From the documentation here, it sounds like we could potentially support both using the fields parameter when we create/update the schema:

To index the same string in several ways (for example, as a keyword and text), provide the fields parameter. You can specify one version of the field to be used for search and another to be used for sorting and aggregations.

But then how do we decide which fields we support both, versus which we just have text. Thoughts?

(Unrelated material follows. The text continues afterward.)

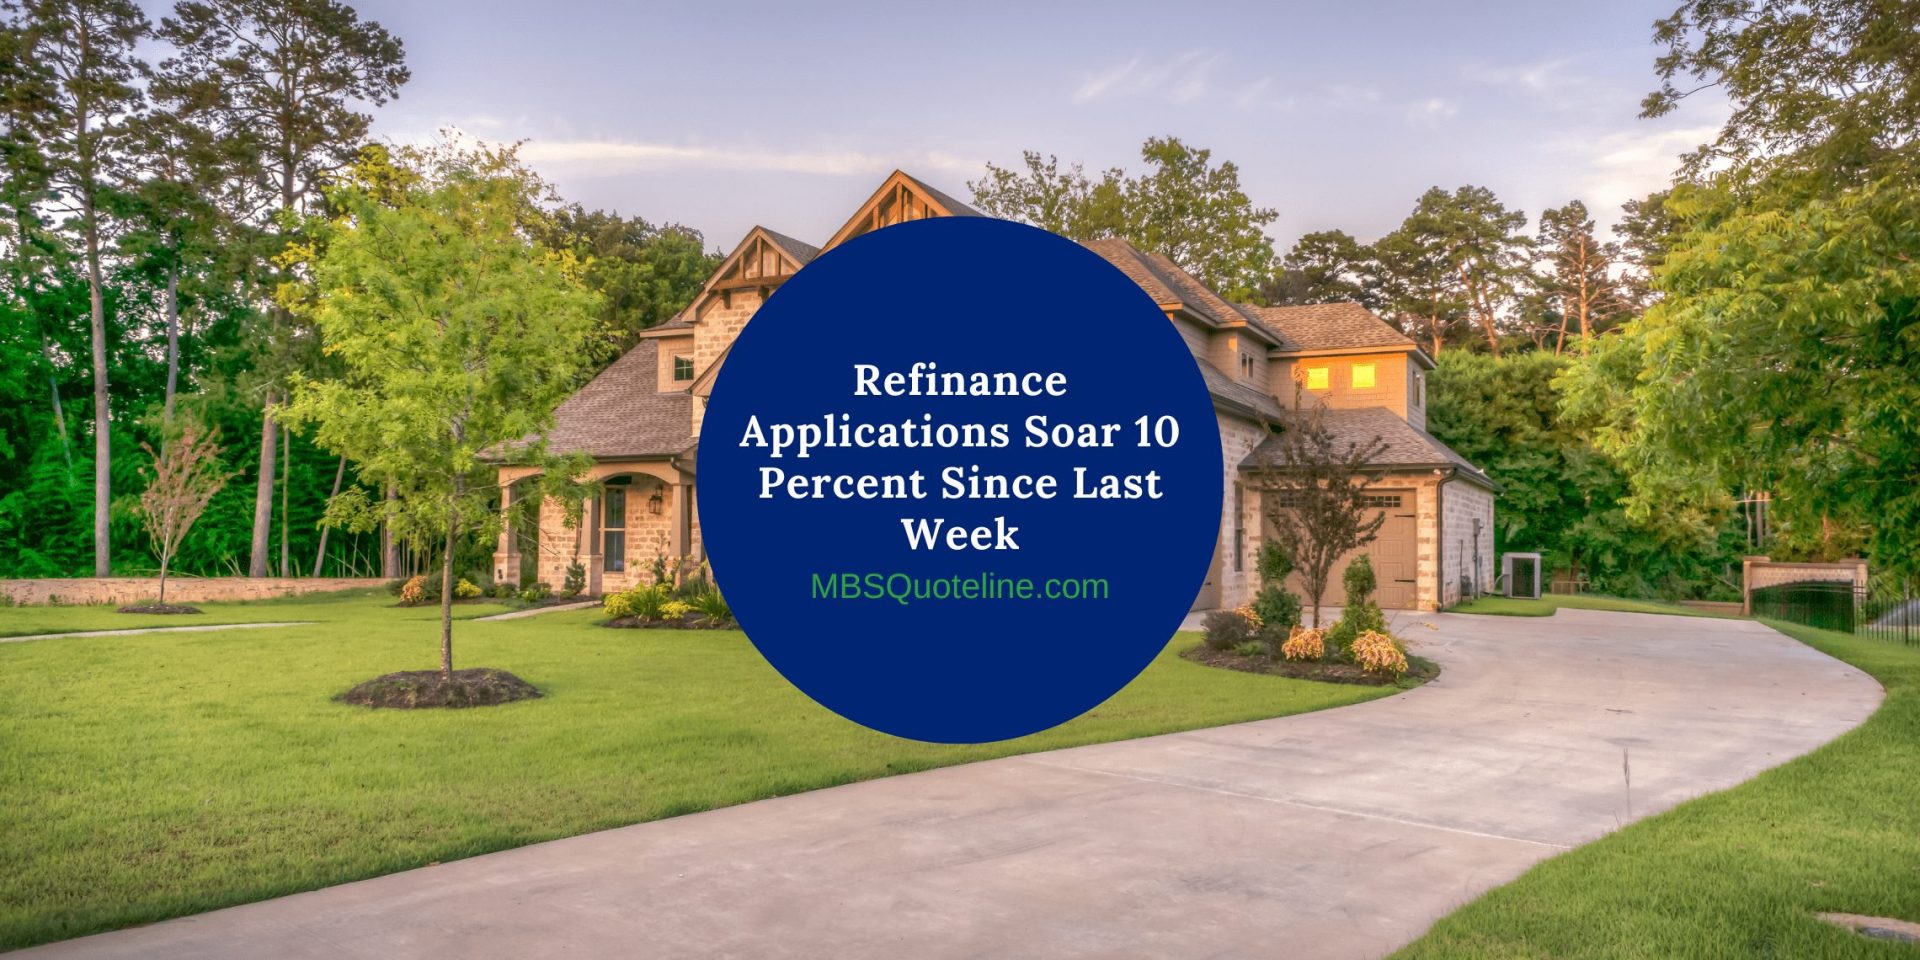 Refinance Applications Soar 10 Percent Since Last Week MortgageTime MBSQuoteline Featured

jordanpadams commented 9 months ago

@al-niessner @alexdunnjpl maybe we use the Information Model types for this. https://pds.nasa.gov/datastandards/documents/im/v1/index_1L00.html#19.37%C2%A0%C2%A0class_pds_character_data_type

From here, I think any attributes with the following types should be text only:

Unfortunately, some of the other ASCII_String* types (e.g. ASCII_Short_String_Collapsed) we cannot include because those are often used for string attributes that may be something we will want to facet on.

jordanpadams commented 9 months ago

@al-niessner @alexdunnjpl I will create a new task for us to update the schema to support this. This will most likely be a blocker for enabling faceting through the API on some fields.